- Kategori
- Blog
Bin bir kere maşallah
5 küsur yıl önce bende film kopmuştu. Şansım yaver gitti. Beni anlayacak bir psikiyatrist buldum.
Öfkem ve nefretim, beni öldürecek dozun altına indi.
Böylelikle yaratıcılığım, bugüne kadar bin tanesini gördüğünüz gibisinden, yılda bin-iki bin tane makale yazabilir duruma geldi. Bunun da delice olduğunu biliyorum ama öldürücü değil, yaşatıcı bir delilik.
Psikiyatristim benim deli olduğumu kabul etmiyor. Bense deli olduğunu bilen bir deliyim, taa kendimi bildim bileliden beridir.
Delilik hoş mu?
Bu kadar normalin yarattığı bir cehennemde evet.
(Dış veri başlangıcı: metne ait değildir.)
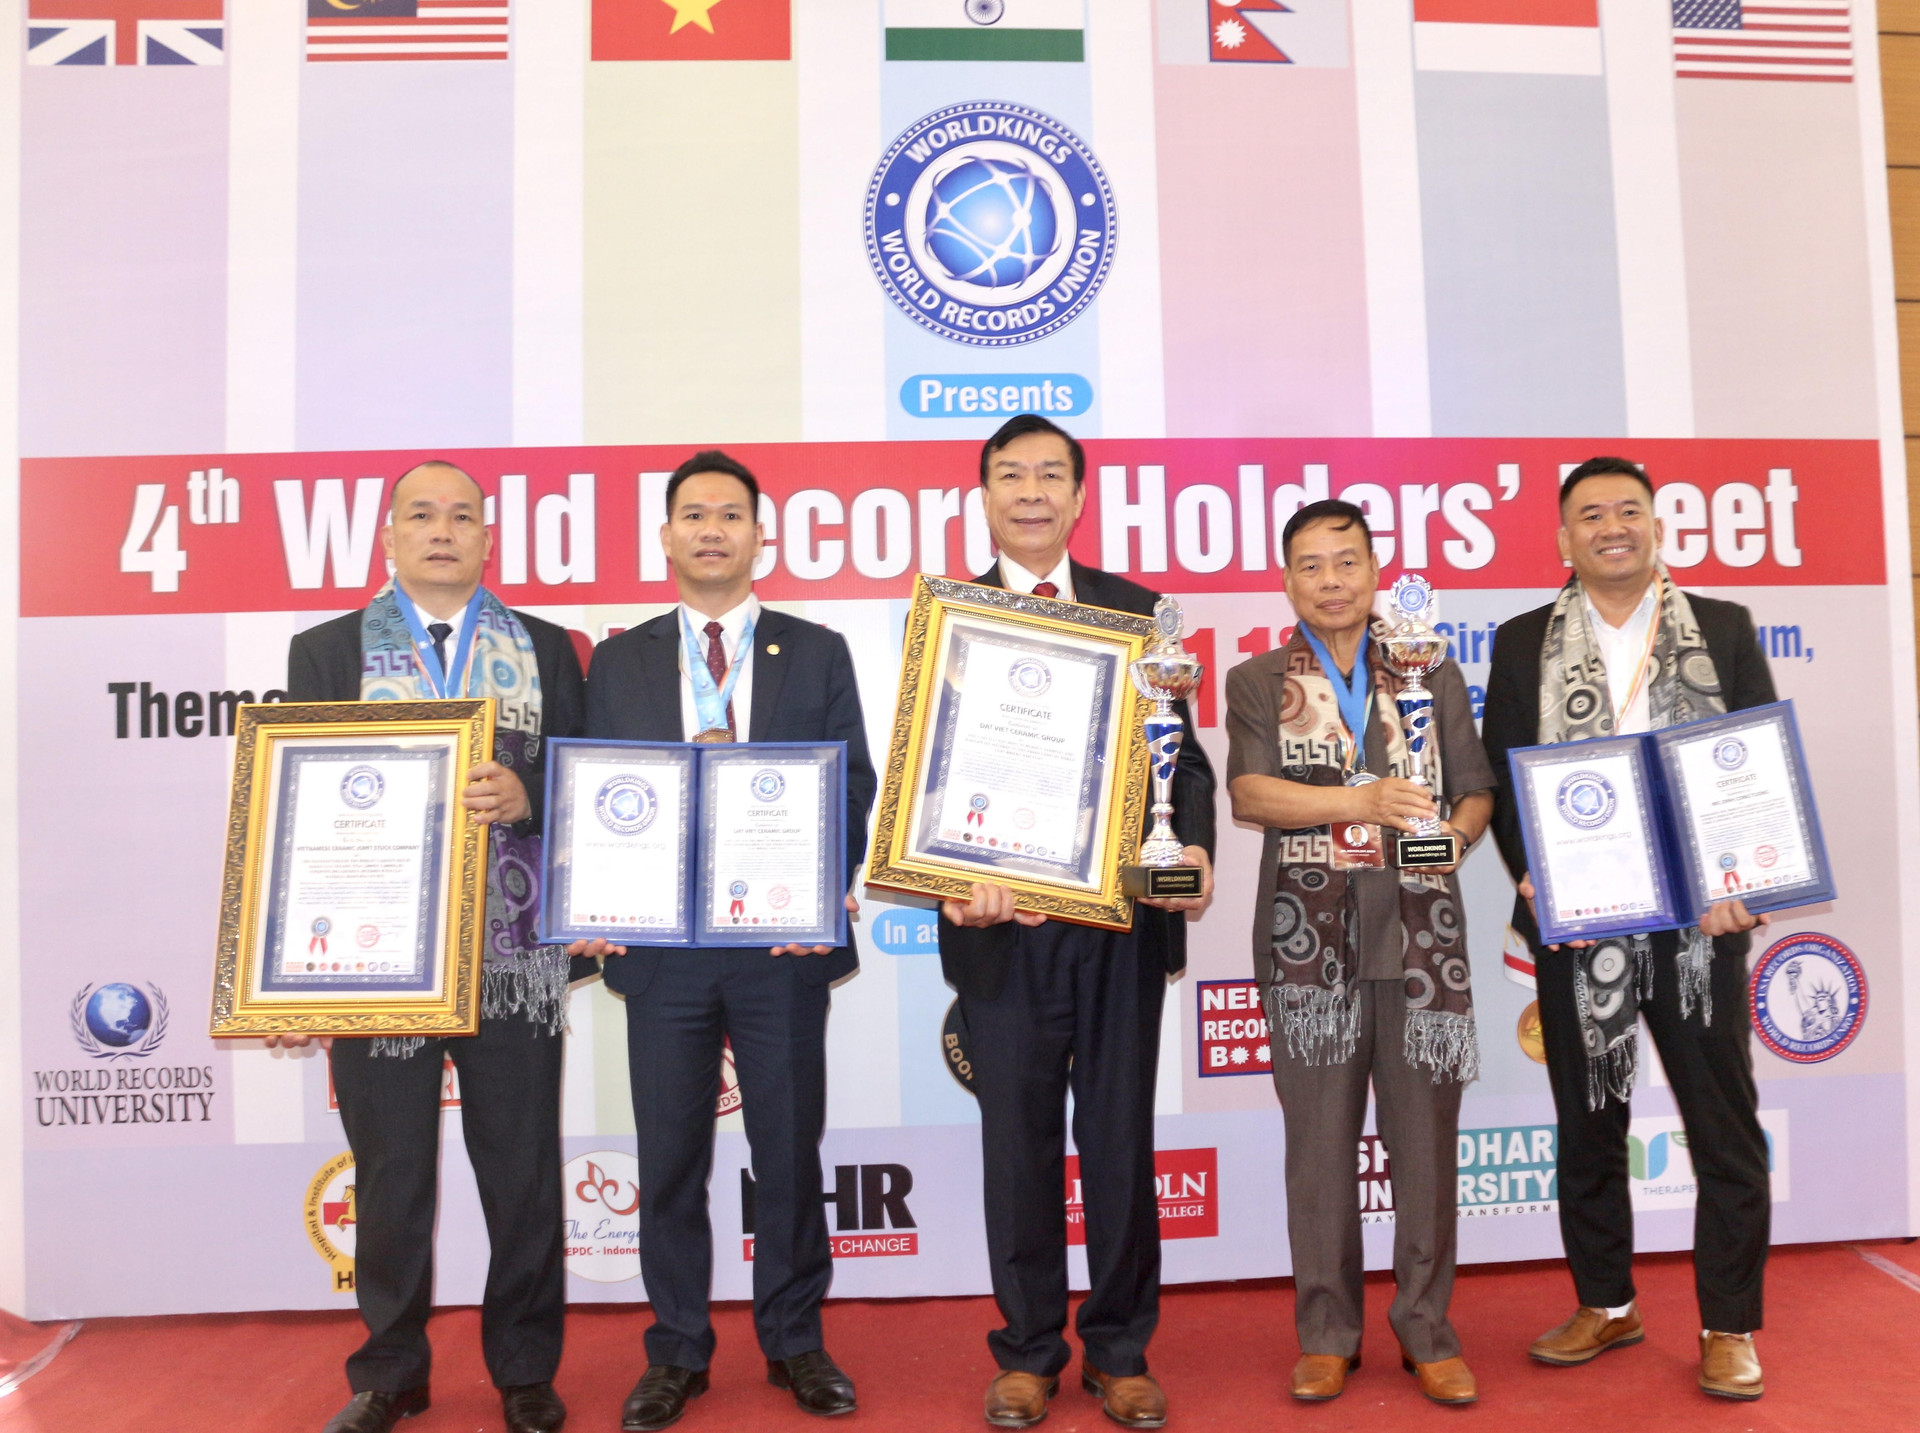 Anh hùng lao động Nguyễn Quang Mâu vinh dự đón nhận danh hiệu Giáo sư danh dự của Viện Đại học Kỷ lục Thế giới.

Ayrıca o cehennemden kaçabilmeyi sağlıyor, çünkü başkalarının duvar gördüğü yerde, siz delik görüyorsunuz ve sıvışıyorsunuz.
5 yıl uzun bir süre. Şeytanım bu kez hoşgörülü davrandı ve Acı’mın öldürücü doza çıkmasına izin vermedi.
Editörler de hoşgörülü davrandı. Tarihin tesadüfü, tam uygun zamanda bu blog kuruldu. Tam uygun zamanda, yayınlandım. Bin metnimin yüz tanesi hedefi on ikiden vurdu. Bunu editörlerin hoşgörüsüne borçluyum. Yazdıklarımın ne anlama geldiğini bilselerdi, editörler de, hukukçular da beni içeri tıkardı.
Sonuç?
Yaşamcıl dertlerim bana biraz mola verdirdi. Sonrası kısmetse, yola devam.